Use this file to discover all available pages before exploring further.

What you’ll need
  1. A deployed Esper API that your Vercel deployment can reach.
  2. An Esper tenant for the Vercel application you want to protect.
  3. An Esper API key for that tenant, stored as a Vercel environment variable.
  4. At least one mitigation and policy in Esper.
  5. If you want managed challenge redirects, a challenge mitigation with a default return URL template already configured.
  6. Middleware or edge-route coverage for the paths you want Esper to evaluate.
Recipe PathThis guide corresponds to recipes/vercel.
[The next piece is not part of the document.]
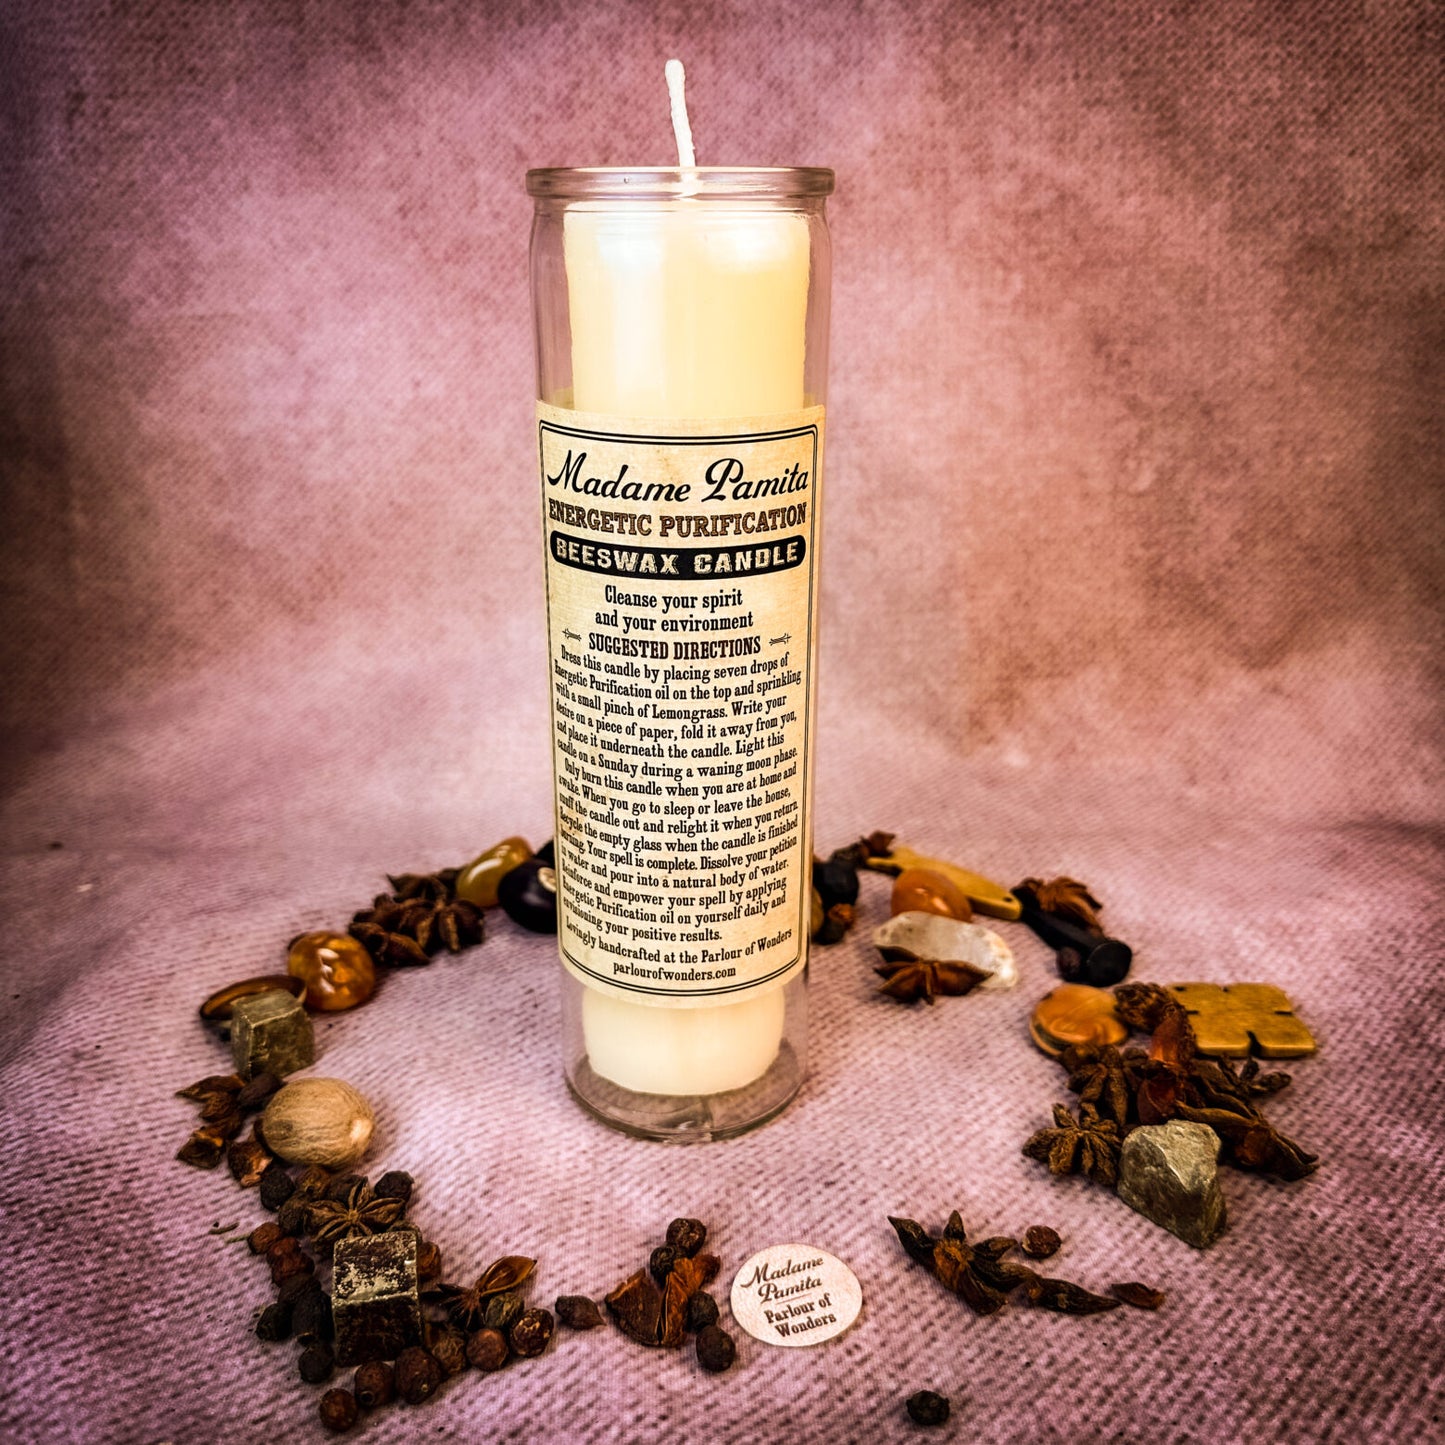 Madame Pamita Energetic Purification Beeswax Vigil Candle

What this integration does

The Vercel middleware accepts the incoming request, asks Esper for one runtime decision, and then either:
  • allows the request to continue
  • redirects the request into an Esper-managed challenge
  • returns a block response immediately
Minimal middleware flow:
import { NextRequest, NextResponse } from "next/server";

export async function middleware(request: NextRequest) {
  const url = request.nextUrl;

  const runtimePayload = {
    source: "vercel-edge",
    observed_at: new Date().toISOString(),
    idempotency_key: crypto.randomUUID(),
    return_url: request.url,
    request: {
      method: request.method,
      path: url.pathname,
      headers: {
        "user-agent": request.headers.get("user-agent") || "",
        "x-forwarded-for": request.headers.get("x-forwarded-for") || "",
        "x-ipua": request.headers.get("x-ipua") || "",
      },
      query_params: Object.fromEntries(url.searchParams.entries()),
      cookies: Object.fromEntries(
        request.cookies.getAll().map((cookie) => [cookie.name, cookie.value]),
      ),
      route_params: {},
    },
    // Esper runtime ingest rejects empty fields, so include at least one field.
    fields: {
      probe: "1",
    },
  };

  const esperResponse = await fetch("https://api.esperr.com/api/v1/runtime/mitigation", {
    method: "POST",
    headers: {
      "x-esper-api-key": process.env.ESPER_API_KEY!,
      "content-type": "application/json",
    },
    body: JSON.stringify(runtimePayload),
  });

  if (!esperResponse.ok) {
    return new NextResponse("Esper runtime failure", { status: 502 });
  }

  const decision = await esperResponse.json();

  switch (decision.action?.type) {
    case "allow":
      return NextResponse.next();
    case "challenge":
      return NextResponse.redirect(decision.action.challenge.redirect_url);
    case "block": {
      const block = decision.action.block;
      return new NextResponse(block?.body || "Blocked", {
        status: block?.status_code || 403,
        headers: block?.headers || {},
      });
    }
    default:
      return new NextResponse("Invalid Esper decision", { status: 502 });
  }
}

export const config = {
  matcher: ["/login/:path*", "/signup/:path*", "/api/:path*"],
};

Environment variables

  • ESPER_API_KEY

Deploy

cd recipes/vercel
vercel env add ESPER_API_KEY
vercel
Operator ViewThis recipe is a good fit when you want a controlled starting point with very little platform work.

Current runtime behavior

  • allow: continue to your normal Vercel app route or API handler.
  • challenge: redirect immediately to Esper’s returned redirect_url.
  • block: return the deny response immediately.

Challenge redirects

Send return_url: request.url with each runtime mitigation request. This is the original URL the visitor requested, and Esper stores it on the challenge session so a successful challenge can return the visitor to the protected page. The mitigation’s default return URL template is only a fallback when the integration does not provide a per-request return_url.